Similar content being viewed by others
Introduction
Pregnancy is characteristic of physiological metabolic adaptations [1, 2]. Pregnant women experience peripheral insulin resistance, and levels of hormones increase compared with the non-pregnant state [3, 4]. Consequently, all serum lipid fractions progressively increase [5, 6]. These metabolic adaptations are essential to support adequate fetal growth and development [1, 2]. The change of serum lipid fractions is physiological and results from increased insulin resistance, lipoprotein synthesis and lipolysis in adipose tissue which mobilize fats to serve as an energetic supply for fetal growth [7, 8]. The majority of pregnant women presents an increase in triglycerides (TG), high density lipoproteins (HDL), and low density lipoproteins (LDL) [9]. Moreover, in some pregnant women, total cholesterol (TC) may increase by 25 to 50% and TG by 200 to 400% [10, 11].
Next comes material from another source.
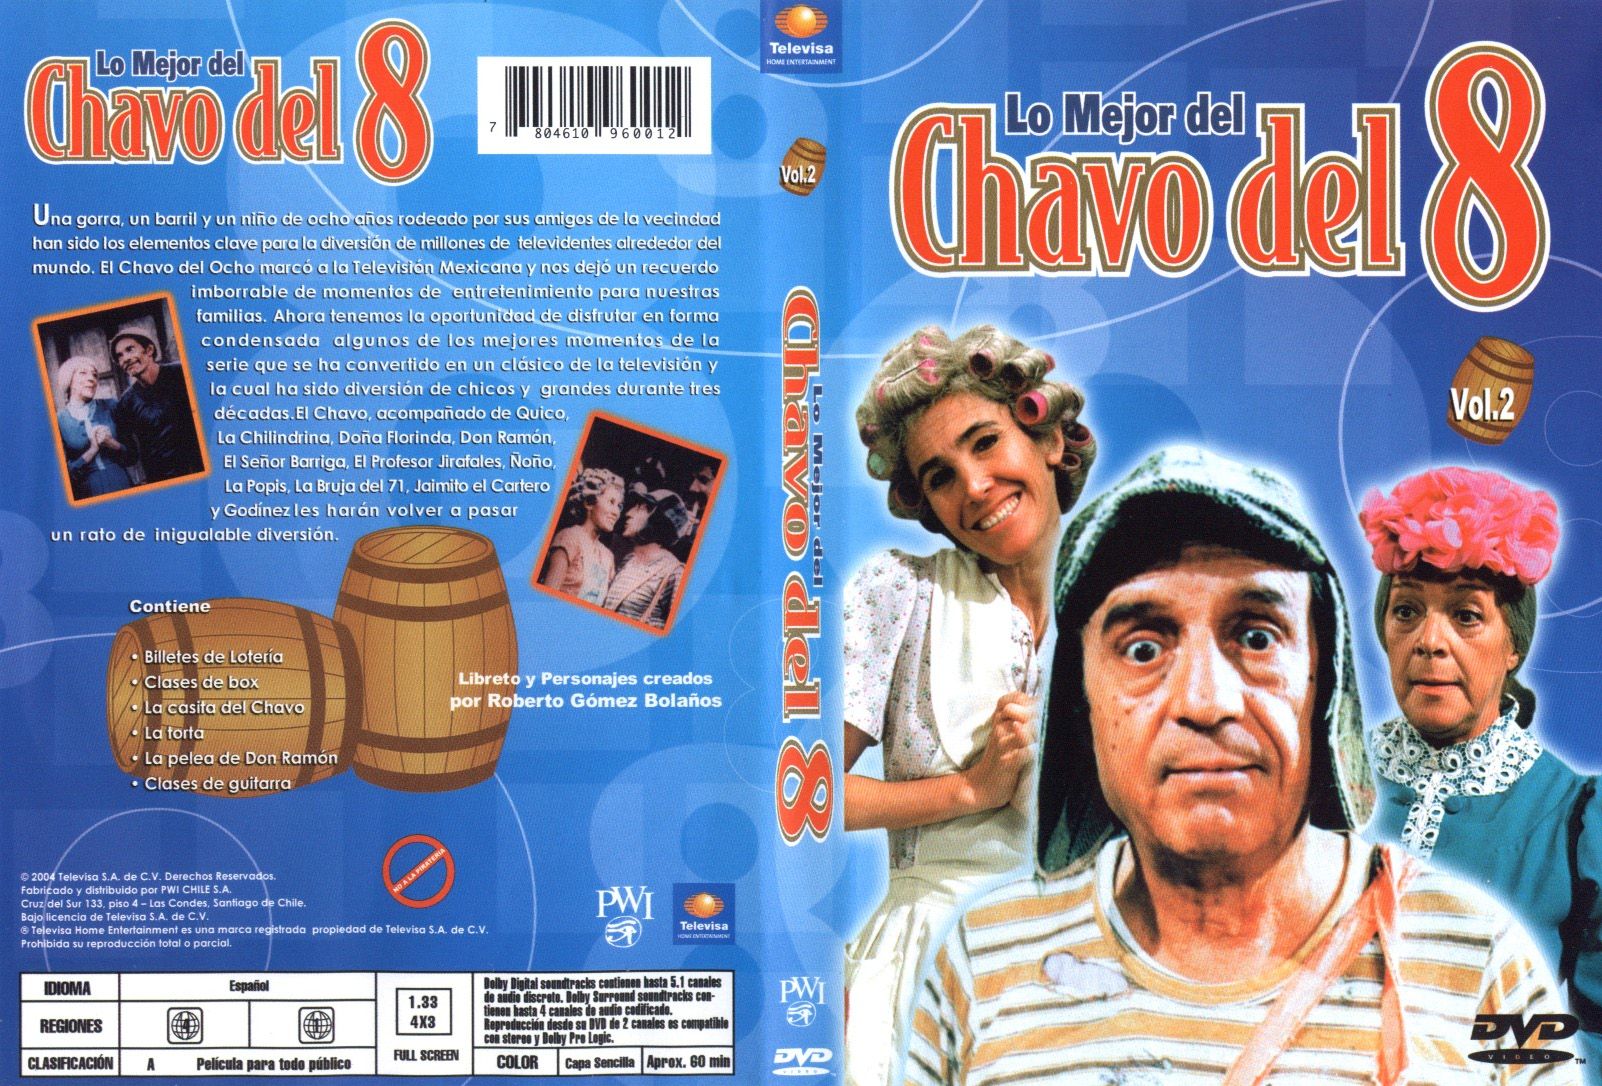 El Chavo Del 8 Volumen 2 - DVD Full NTSC Latino.

Changes in lipid metabolism have been shown to ensure a continuous supply of nutrients to the fetus, despite the intermittent maternal food intake [12]. However, the disturbances of lipid during pregnancy may also lead to the high risk of cardiovascular disease and result in undesirable outcomes for both the mother and the fetus [6, 13], such as preeclampsia [13, 14], gestational diabetes mellitus [15, 16], intrauterine growth restriction and premature birth [6, 17]. Some previous studies have showed that the most dramatic damage in the lipid and lipoprotein profile in normal pregnancy is serum TG, which may be as high as two or three folds [18].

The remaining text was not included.